As a landlord, you are responsible for the safety of your tenants. The Gas Safety (Installation and Use) Regulations 1998 cover in detail landlord’s responsibilities to make sure gas appliances provided for tenants are safe. In short, you are responsible for repair and maintenance of flues, appliances and pipework.

These legal responsibilities apply to all rented properties, including residential premises for rent, rooms, bed-sits, private households, bed and breakfast, and rented holiday accommodation such as chalets, flats and even narrow boats.

In order to be in compliance with the law, you have to ensure that an annual safety check is carried out for any of your properties, covering all gas appliances. These should only be carried out by a Gas Safe registered engineer, and you should keep a record of each safety check for a minimum of 2 years and issue a copy to each tenant within 28 days of a check being completed.

The gas safety check record is a documentation of the check and the outcome – so it should be issued swiftly after the check has taken place, regardless of the result. The record should be supplemented with records of any follow-up action taken in response to defects discovered.

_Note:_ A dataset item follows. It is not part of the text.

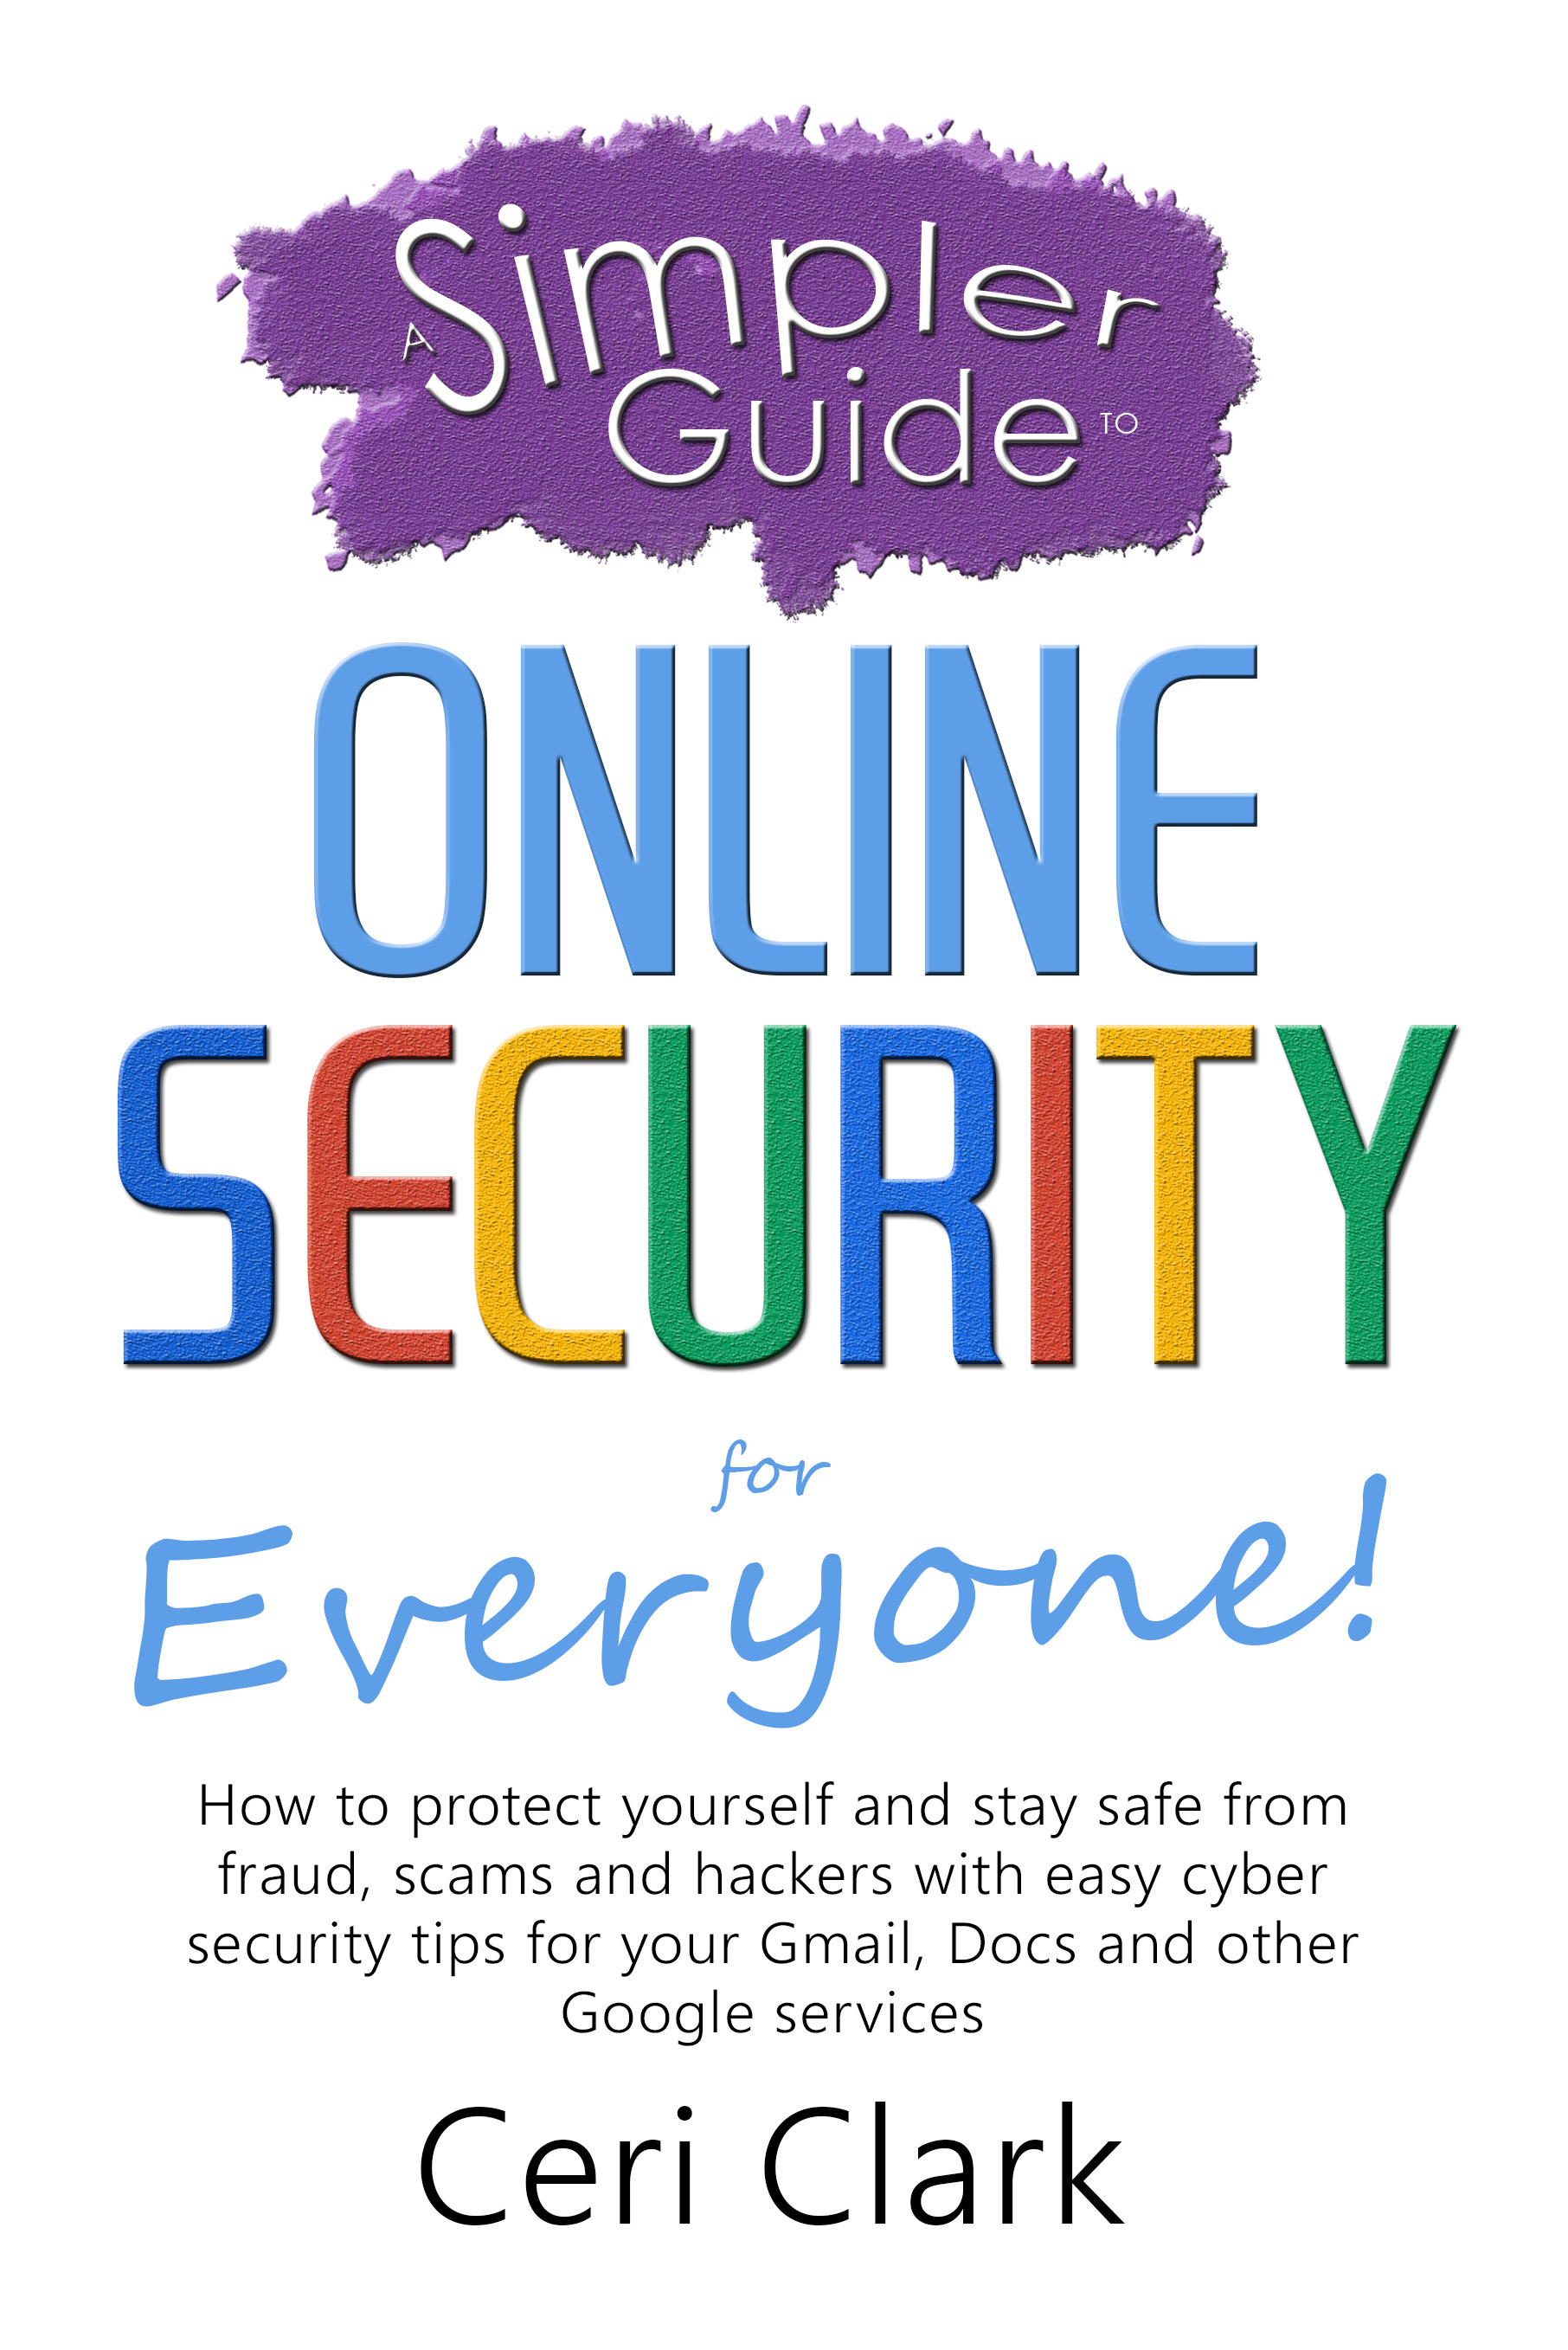 A Simpler Guide to Online Security for Everyone: How to protect yourself and stay safe from fraud, scams and hackers with easy cyber security tips
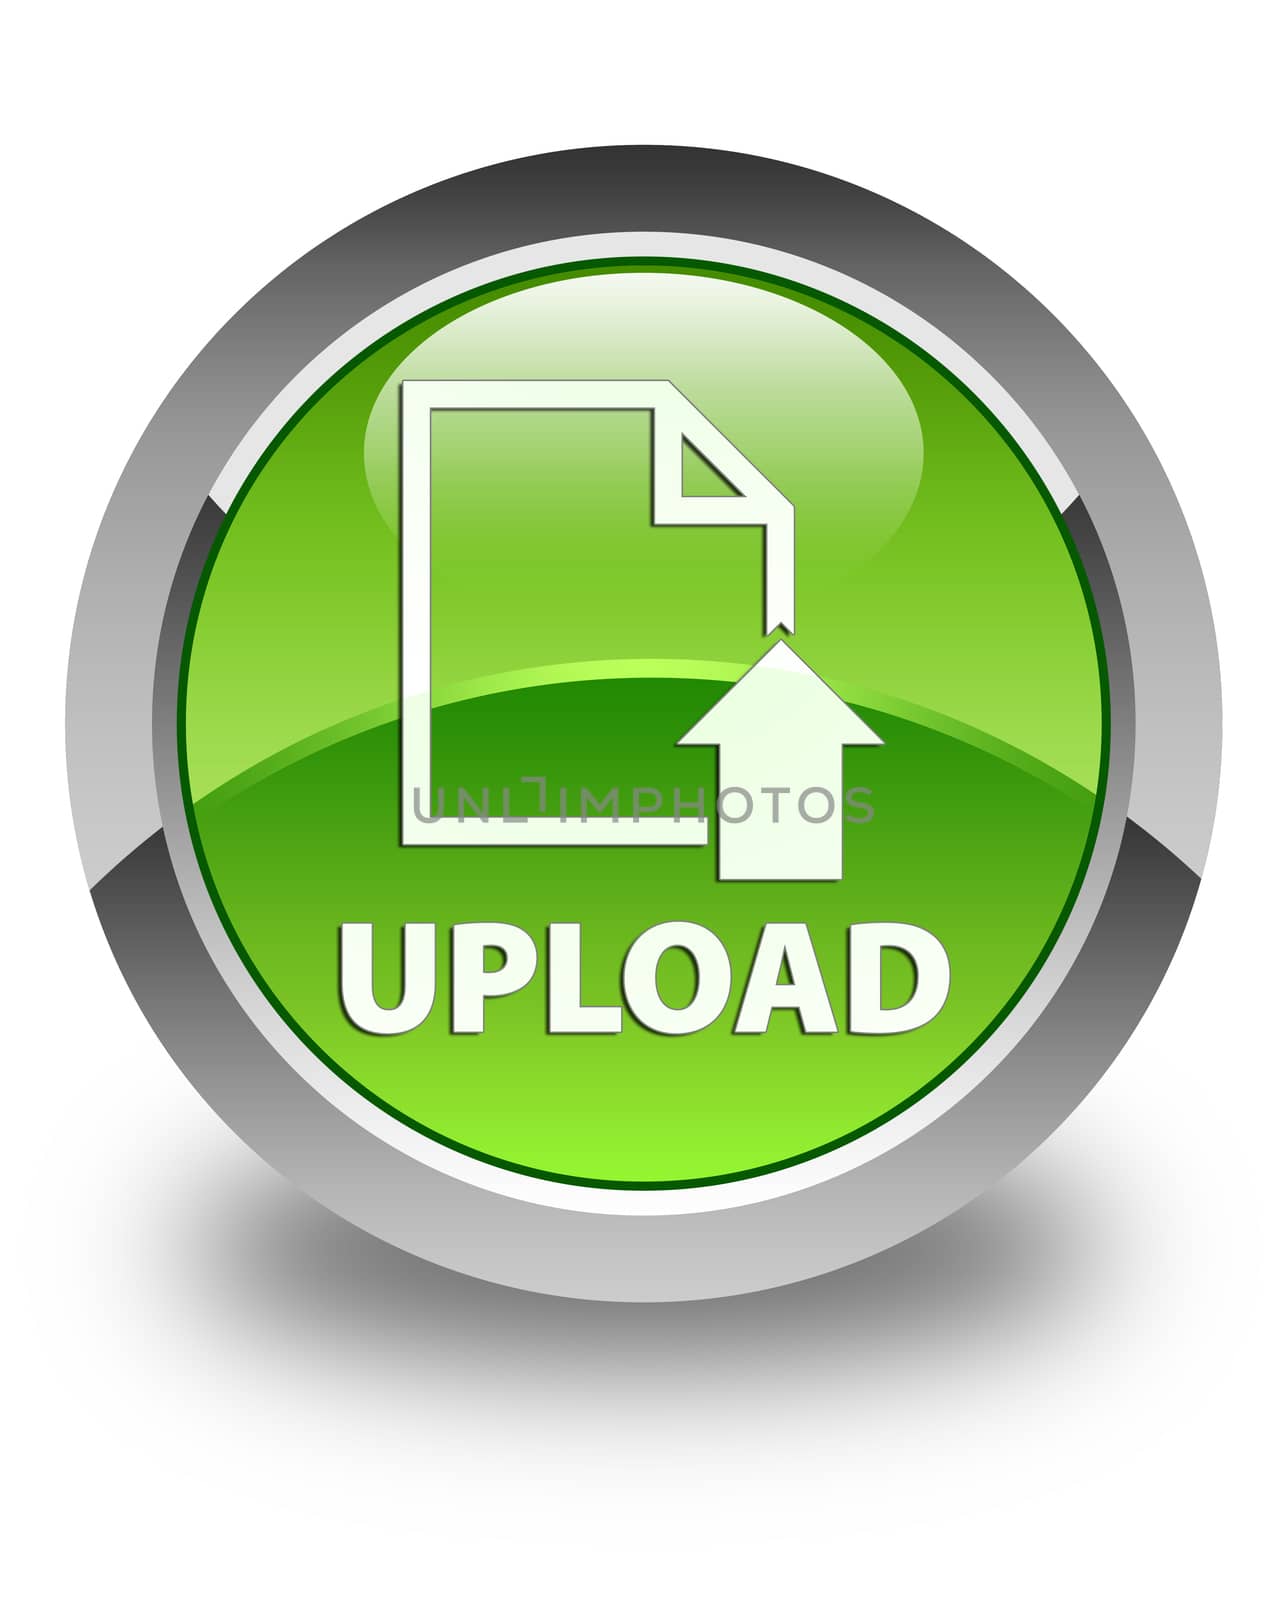 Upload (document icon) on glossy green round button

Gas safety certificates can be kept electronically, so long as they can be produced in hard form copy if required, are held securely, and identify the registered gas engineer who carried out the safety checks.

The gas safe certificate will highlight any appliances not safe to use – ‘At risk’ means that the appliance is considered to be a danger to life or property without any further faults developing.  ‘Immediately dangerous’ speaks for itself – it should be disconnected and not used again until the defects have been fixed.

If an engineer finds that an appliance is unsafe and turns it off, it’s your responsibility to provide the tenant with emergency heating until the problem can be fixed.

If a tenant has provided a gas appliance themselves, then you are only responsible for the maintenance of the gas pipework, not the appliance itself. You should show them how to turn off the gas supply in case of a gas emergency.